### ABOUT THIS TASK
The reply should hold every line of the listing exactly, and none of its images.

Start of DATASET SECTION

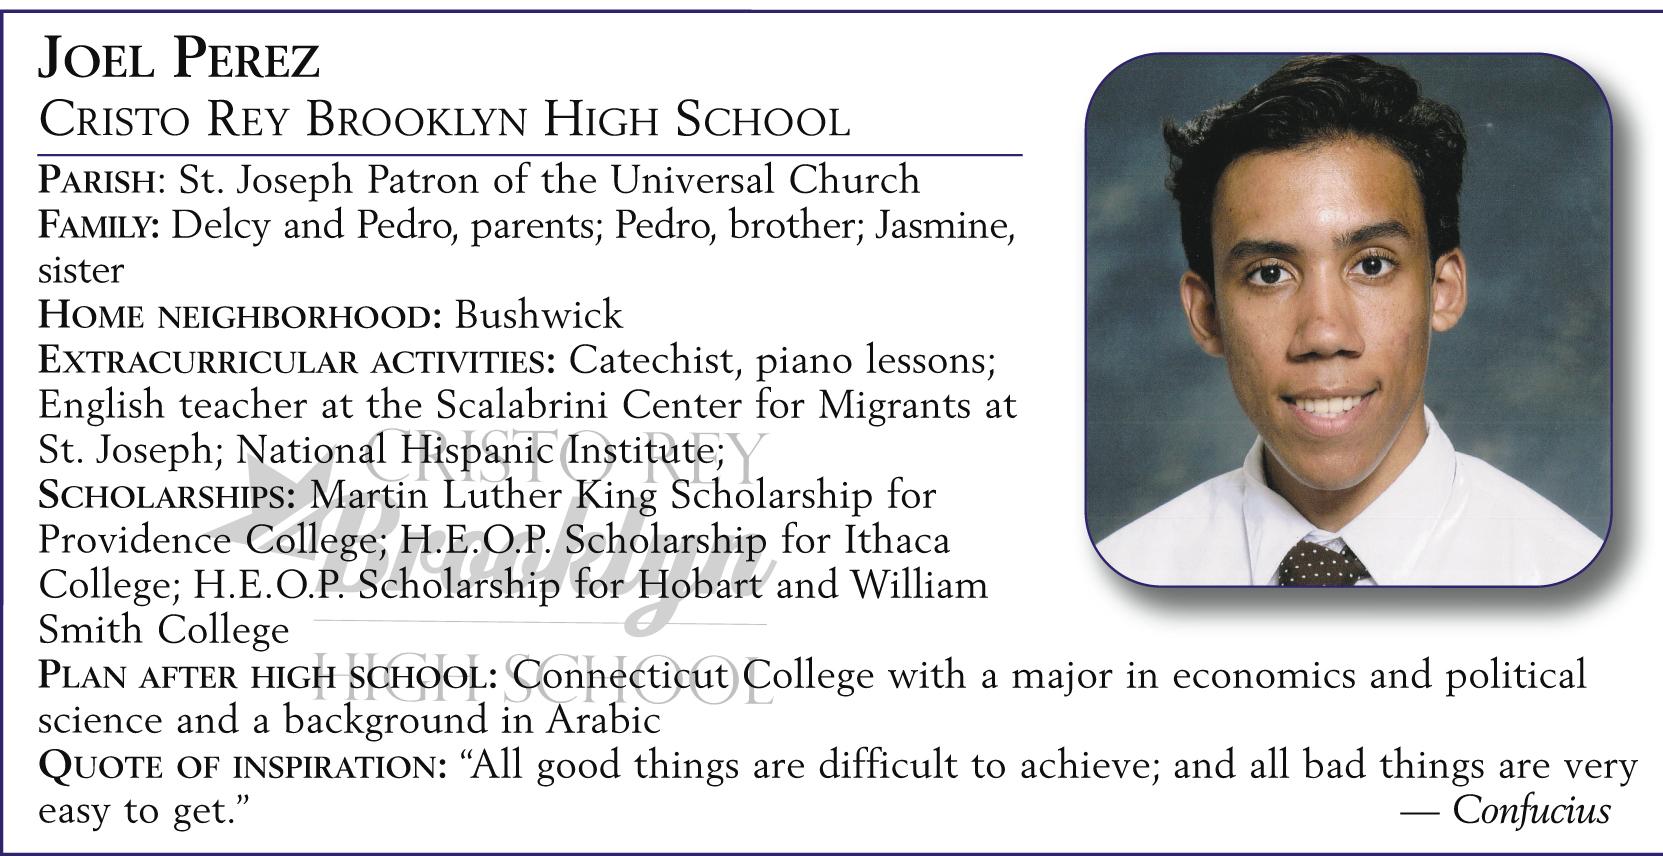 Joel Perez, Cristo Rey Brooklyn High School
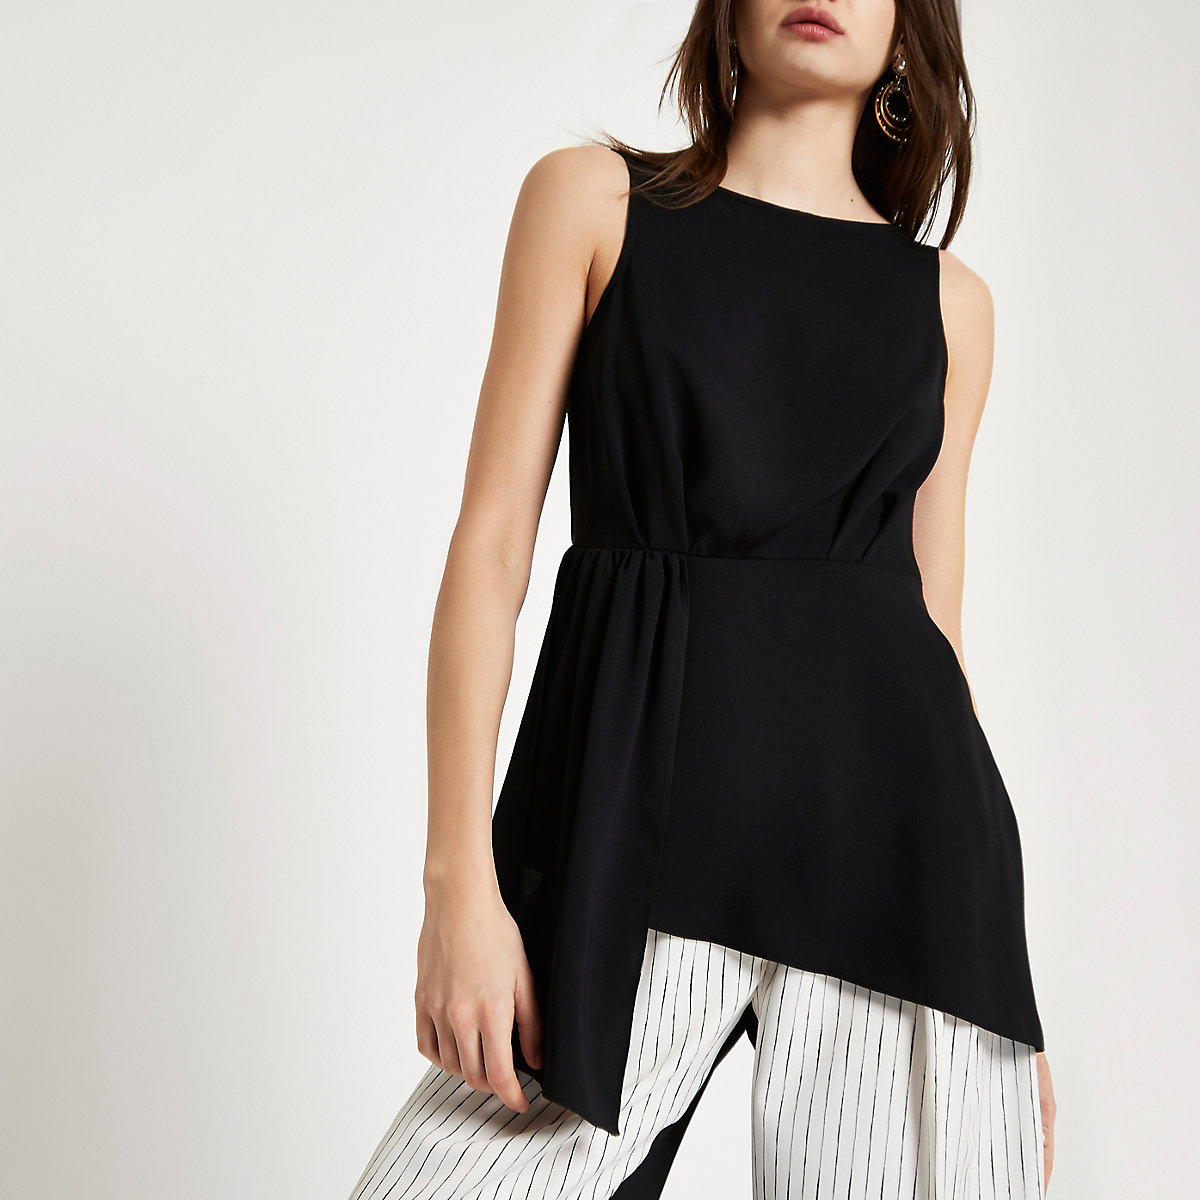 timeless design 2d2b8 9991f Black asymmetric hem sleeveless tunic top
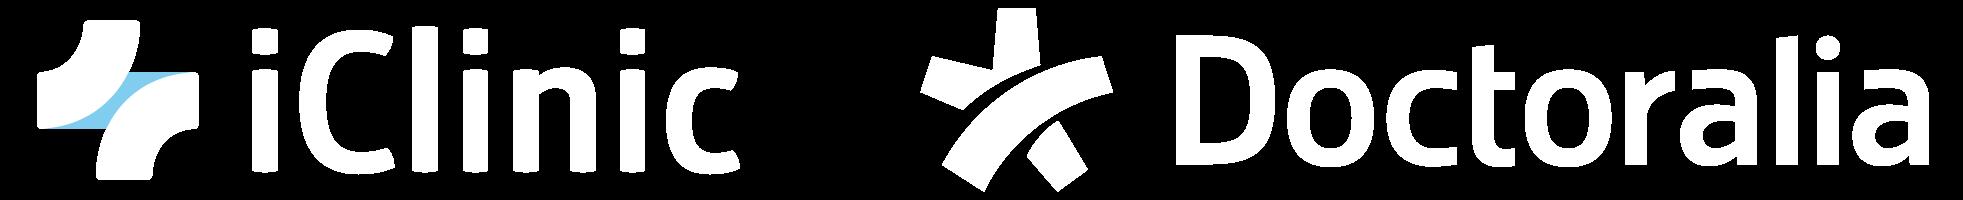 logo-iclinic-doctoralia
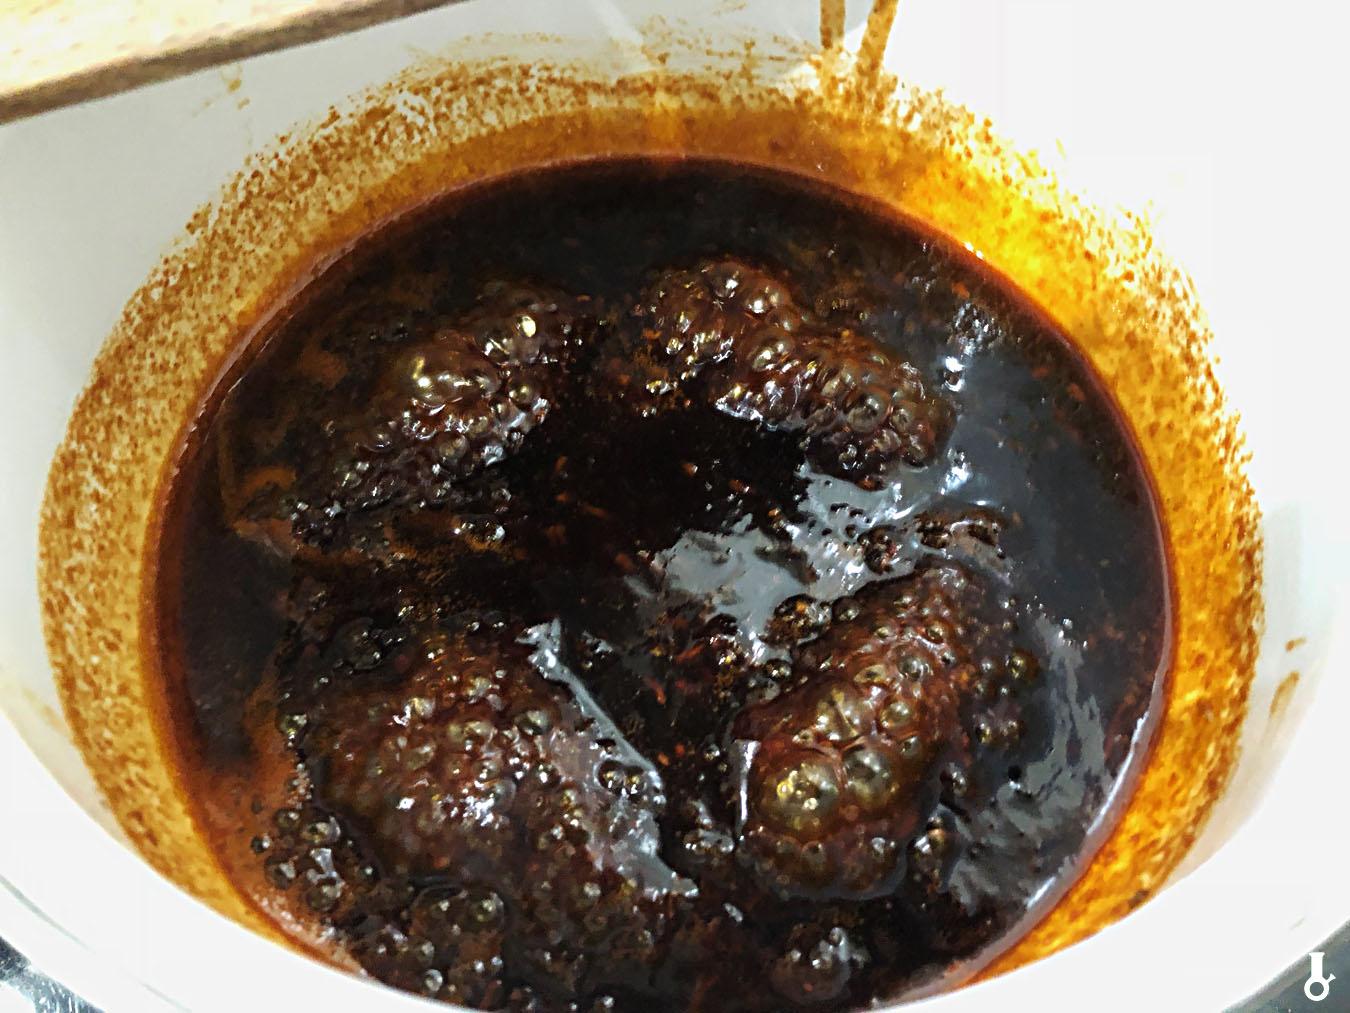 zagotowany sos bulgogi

End of DATASET SECTION

### EXPECTED ANSWER
 Joel Perez, Cristo Rey Brooklyn High School
 timeless design 2d2b8 9991f Black asymmetric hem sleeveless tunic top
 logo-iclinic-doctoralia
 zagotowany sos bulgogi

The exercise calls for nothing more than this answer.